# Graph Coarsening #

In [3]:
from condensation import *

This project explores a method for graph coarsening utilizing an [inhomogeneous diffusion condensation](https://arxiv.org/abs/1907.04463) algorithm which has already shown success in the coarse graining of data.

The goal of graph coarsening is to take a very complex graph—one with many nodes and many connections—and "condense" the graph by combining similar nodes into one another. The result of graph coarsening is a coarsened graph consisting of supernodes with edges between them, where the supernodes are linear combinations of the nodes in the original graph, and the edges maintain the connections from the original graph.

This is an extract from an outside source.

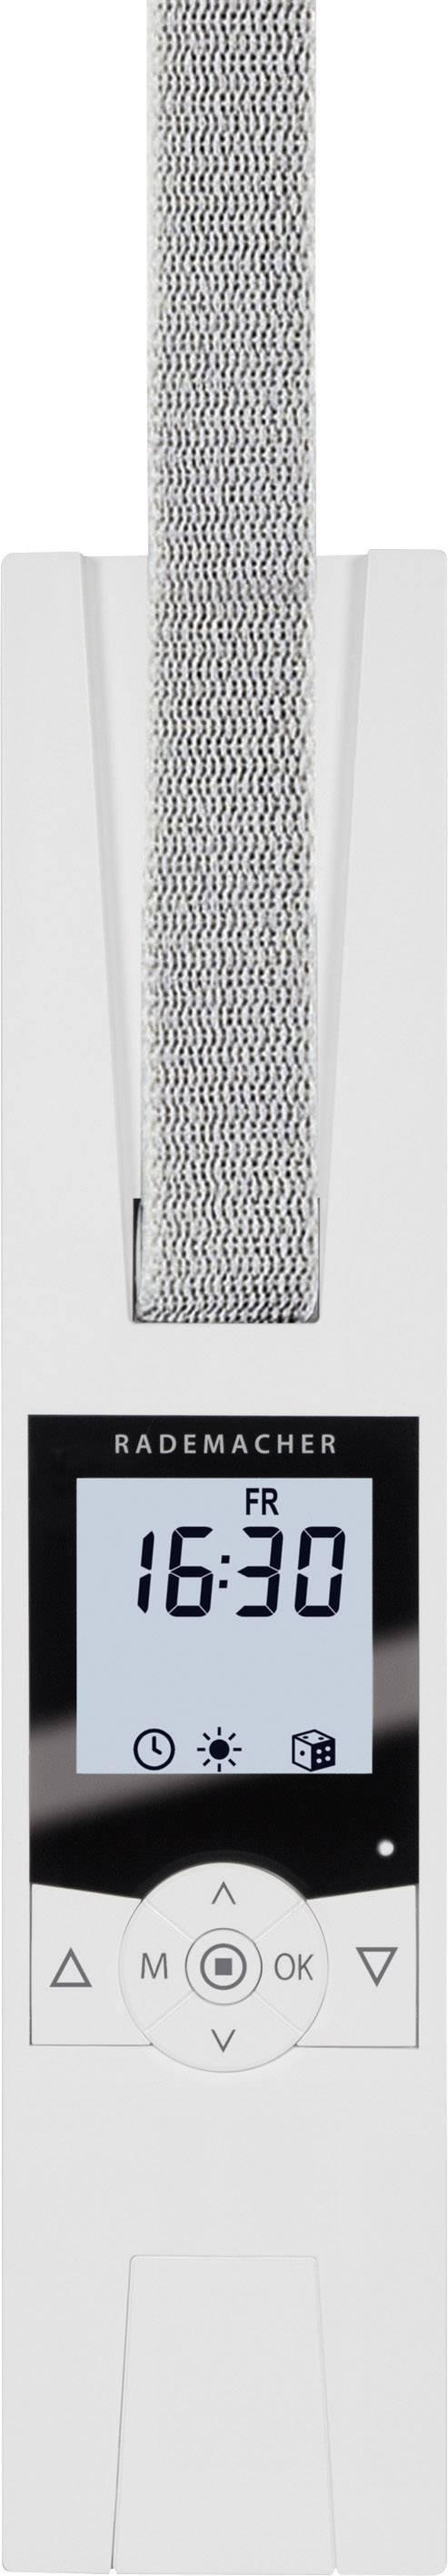 Elektrický navíjač roliet WR Rademacher RolloTron Comfort plus

At the same time, we would like to maintain a kernel throughout the coarsening of this graph. In general, a kernel is a function which specifies the similarities between two datapoints; this "similarity function" acts as an inner product over the set of datapoints. For machine learning purposes, defining a kernel on a graph is desirable. One such graph kernel is called the marginalized graph kernel and finds the similarity between two graphs by comparing the similarities of random walks on both graphs. Such a graph kernel requires a nodel kernel and an edge kernel (kernel functions computing the similarities between nodes and edges). Since the original nodes of the graph are condensed over the course of the graph coarsening, a node kernel must be defined at each step of the process.

# Inhomogeneous Diffusion Condensation #

We can first explore the process of inhomogeneous diffusion condensation. 

This is a clustering algorithm similar to $k$-means or agglomerative clustering which seeks to find a hierarchical coarse-grained representation of the data. The algorithm works by computing a diffusion operator $\mathbf{P}$ (consisting of the transition matrix of a Markovian random walk over the data) and repeatedly applying it to the data.

The details of the algorithm are unimportant, but it is interesting to apply it to various datasets. Here, we have eight datasets (``barbell``, ``tree``, ``noisy tree``, ``clusters``, ``uniform circle``, ``hyperuniform circle``, ``hyperuniform ellipse``, and ``two spirals``) on which we can apply the diffusion condensation algorithm. These datasets come from this [github repository](https://github.com/matthew-hirn/condensation) on inhomogeneous diffusion condensation.

The datasets are visualized below for ``N`` points. You can change ``N`` and run the cell to see the datasets with a different amount of points.

In [None]:
N = 2 ** 7

plot_datasets(N)